# Jars



## ajohn (Mar 11, 2020)




----------



## ajohn (Mar 11, 2020)

Half the time I can't figure the color!


----------



## coreya (Mar 11, 2020)

Great colors!


----------



## Kheidecker (Mar 11, 2020)

ABSOLUTELY BEAUTIFUL AMAZING COLORS


----------



## Kheidecker (Mar 11, 2020)

I've got a long way to go before I got the colors that you've got there you got some beautiful jars.big stl bottle an jar show this weekend.will share some photos


----------



## ajohn (Mar 12, 2020)

Kheidecker said:


> I've got a long way to go before I got the colors that you've got there you got some beautiful jars.big stl bottle an jar show this weekend.will share some photos


MMMMMM...... Yer gonna wake up one day, look at yer collection and think..." Dang, i got a lot of jars!". Enjoy the journey my friend.


----------



## SledCat600 (Apr 8, 2020)

Have an Armstrong 10 pt. jar. Looking for info on it. Age, price if any. Logo is on btm.


----------



## TrashPanda (Apr 8, 2020)

I agree that your jar collection is beautiful.  I love it. Thanks for sharing


----------



## klaatu (Apr 25, 2020)

Nice jars. The combined colors look great together. The SCA sealer, is that a Rau's?


----------



## jarsnstuff (Apr 25, 2020)

SledCat600 said:


> Have an Armstrong 10 pt. jar. Looking for info on it. Age, price if any.
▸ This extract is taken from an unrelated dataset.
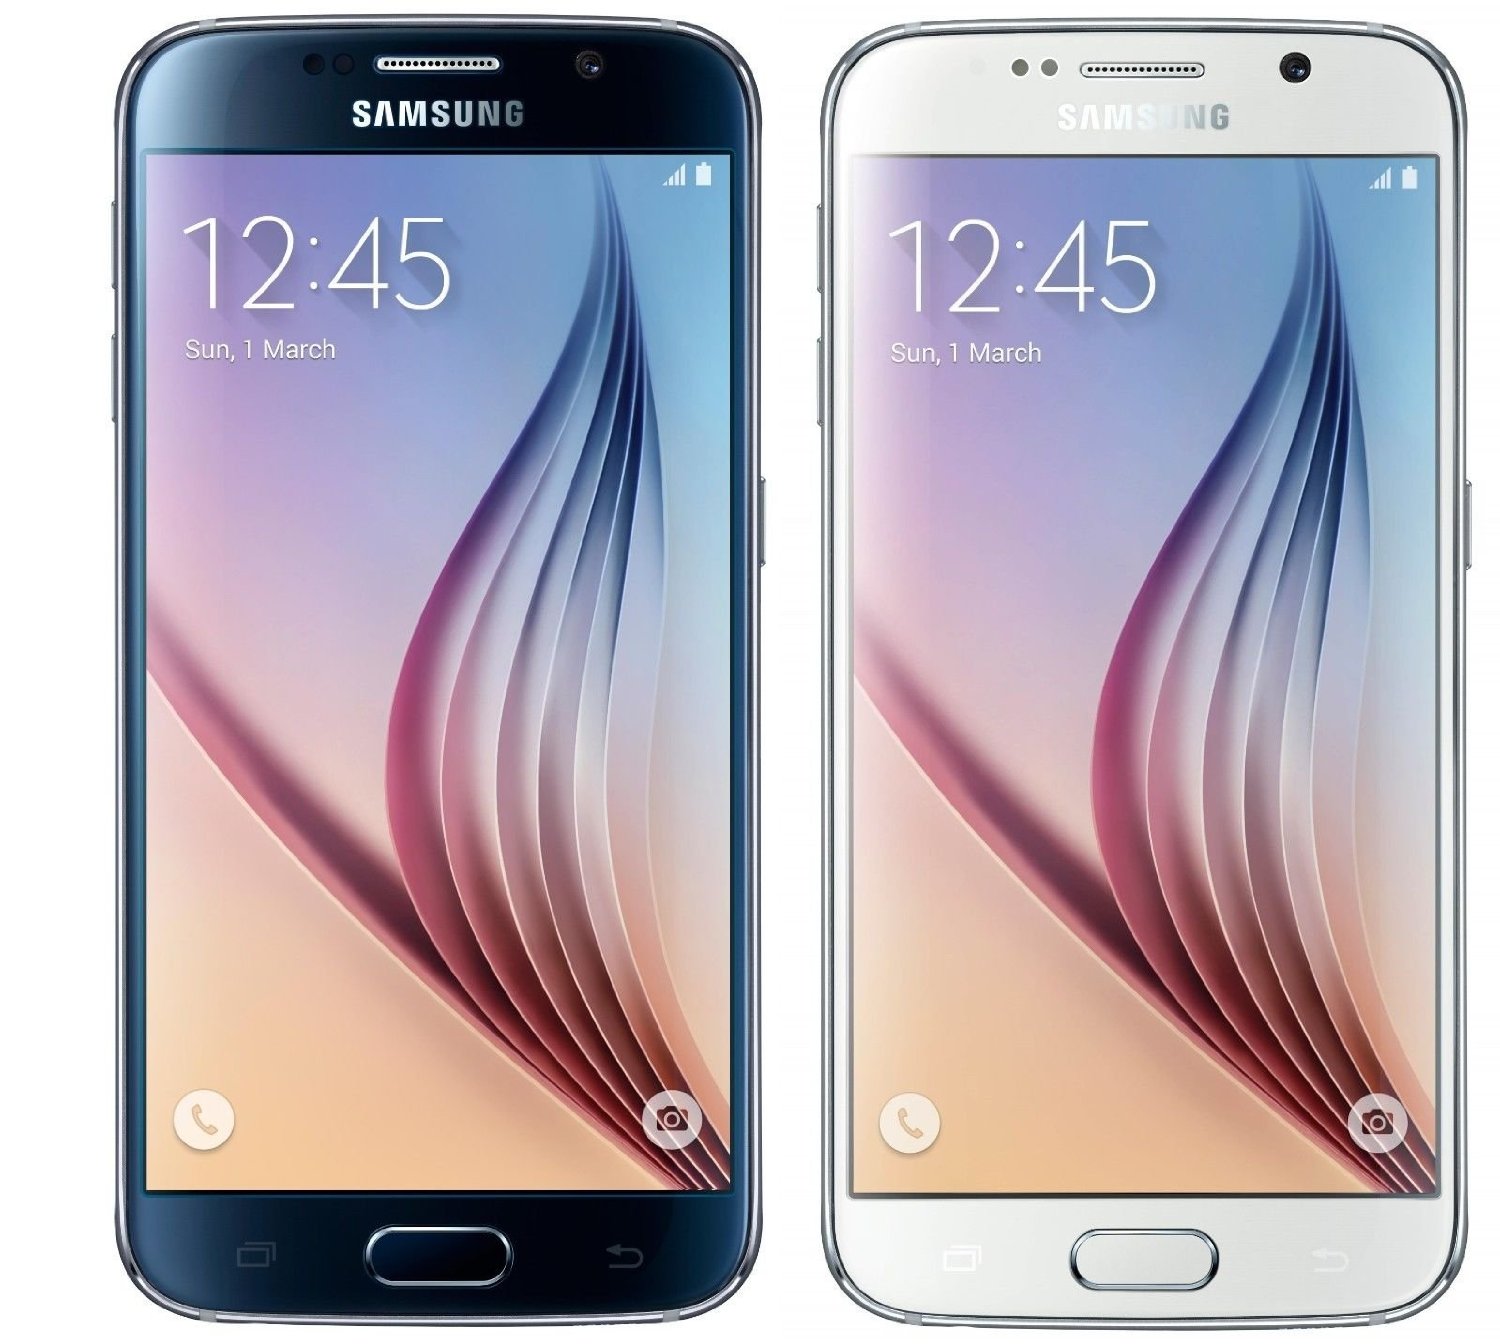 Reklaminė Samsung "Galaxy S6" ir "Galaxy S6 Edge"  telefonų nuotruka.

Logo is on btm.
> [


You will be much more likely to get an answer if you post your question on a new thread.  That way, answers to your question won't get mixed up with comments on ajohn's post.  
Please post a photo of your jar, the mouth and the base.  I am not familiar with it as you describe it, but someone else here may be.


----------